Urchin/The Chronology Of Water/Elenor The Great

Directed by Harry Dickinson/Kristen Stewart/Scarlett Johannsson

Three films by three actors making their directorial bow all screen in the Un Certain Regard. Harry Dickinson (the milkman in Babygirl) arrives with Urchin, a story of young drifters. Kristen Stewart, whose roles in European films of late have earned her plenty of new fans, directs The Chronology Of Water from the memoir of writer and swimmer Lidia Yuknavitch. Scarlett Johansson directs 95-year-old June Squibb in Elenor The Great, about a friendship between an old lady and a young student.

Magalhaes

Directed by Lav Diaz

Magalhaes.

Magalhaes.

That's Magellan -- as in Ferdinand Magellan.

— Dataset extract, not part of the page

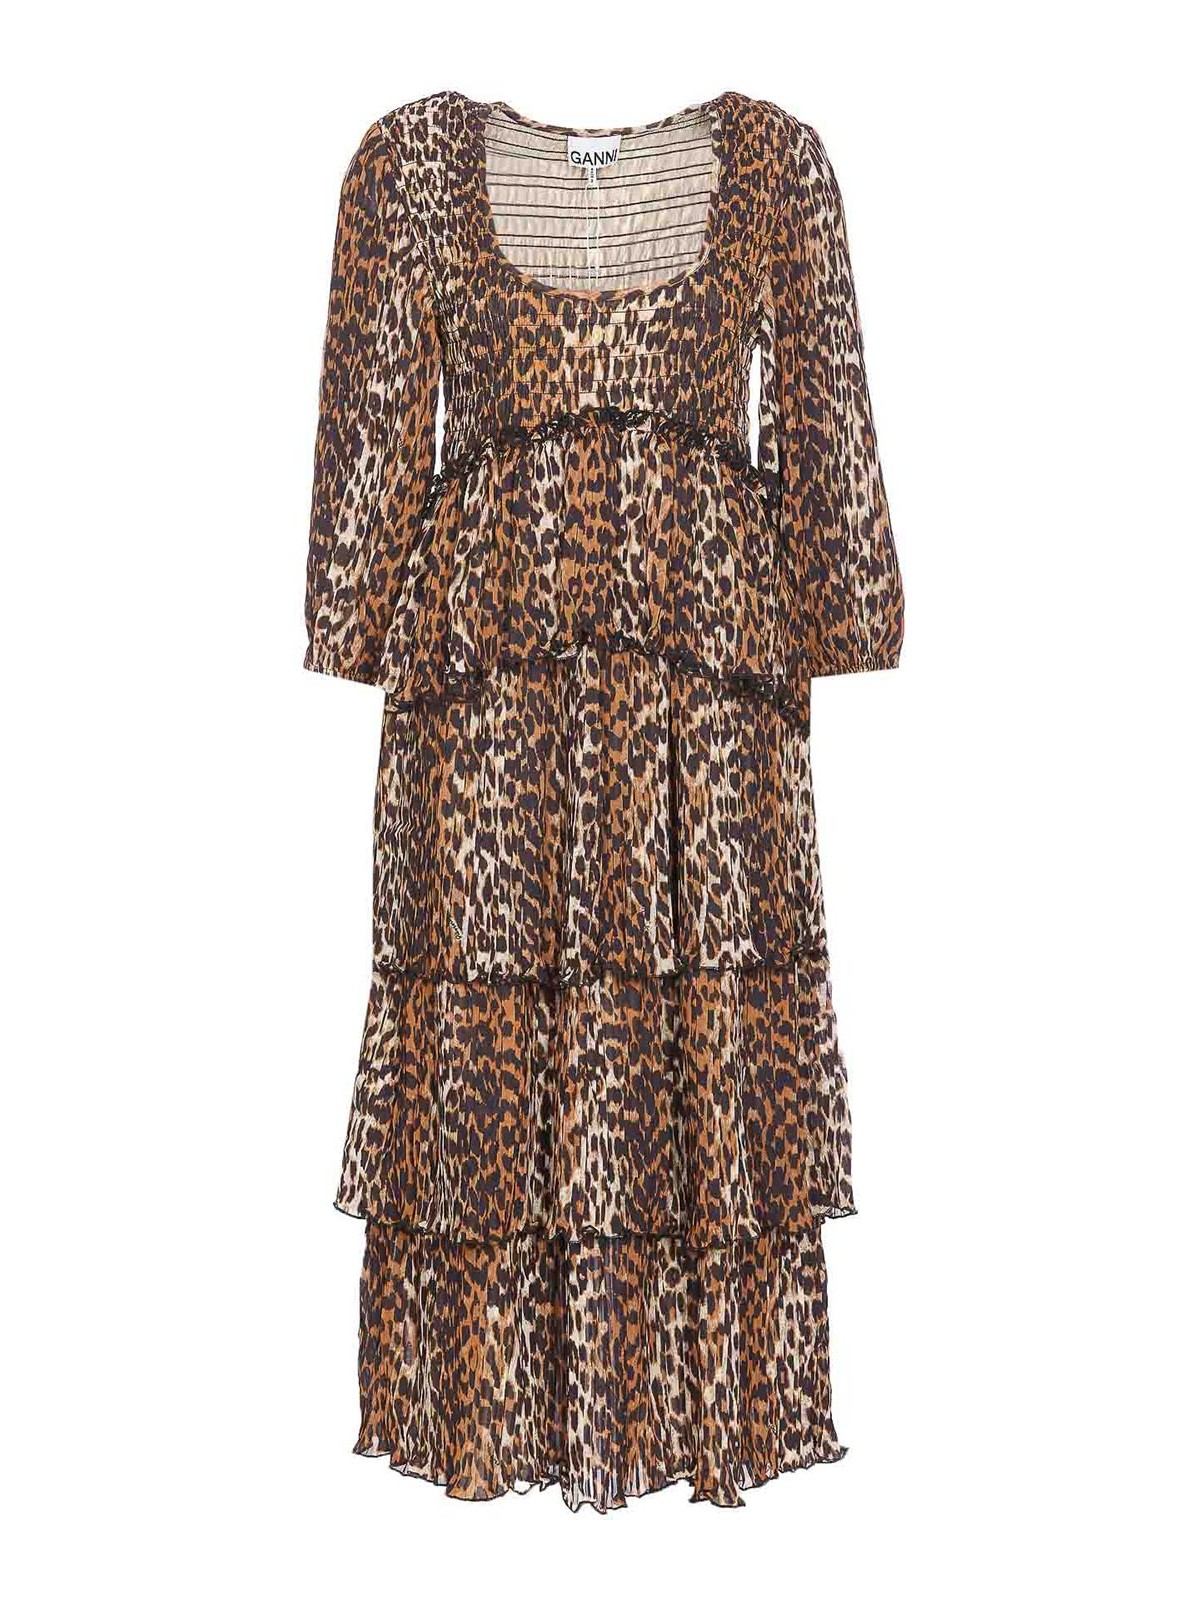 Ganni Leopard Print Midi Dress In Animal Print

Filipino filmmaker Lav Diaz casts Gael Garcia Bernal as the Portuguese explorer of the 16th century who led an expedition across the Pacific to fulfil the king of Spain's maritime ambition -- and ended up colonising the Philippines. This is Diaz's first film in Portuguese and Spanish, but the subject of Filipino history and his country's fraught, caustic past has always been in the master's resume. It's believed that Magalhaes, running at modest 156 minutes, is only the first part of a planned two-part film -- the second one being about Magellan's wife, Beatrice, and reportedly nine hours long.

Yes

Directed by Nadav Lapid

The character is called Y, a jazz musician. After the Oct 7 attack, Y is given an assignment from the government of Israel: To write a new national anthem. Nadav Lapid is a filmmaker whose searing interrogation of Israel nationhood, its right-wing ideology and moral decay makes him a controversial figure at home (his previous film, Ahed's Knee, also has a character named Y and concerns a filmmaker's scuffle with thought police; it won a Jury Prize at Cannes three years ago). Yes will be closely watched and interpreted given what's going on in Gaza and the current actions of the Israeli army. The film is showing in the Directors' Fortnight.

Sirat (Laxe)

Directed by Oliver Laxe

Oliver Laxe, a French-born Spanish filmmaker, returns to his favourite locale, Morocco, in his latest film, the first to crack the Competition. His films usually rely on sparse, documentary-like naturalness and landscapes that sketch the physical and mental state of the characters. In Sirat, the setting is a rave party in the Moroccan desert. A father arrives, with his son, to search for his daughter who disappeared a few months ago at another desert rave. Vast stretches of sand and thumping electronic music -- if there's a place in the world worthy of getting lost, and hopefully of being found, Laxe's film will take you there.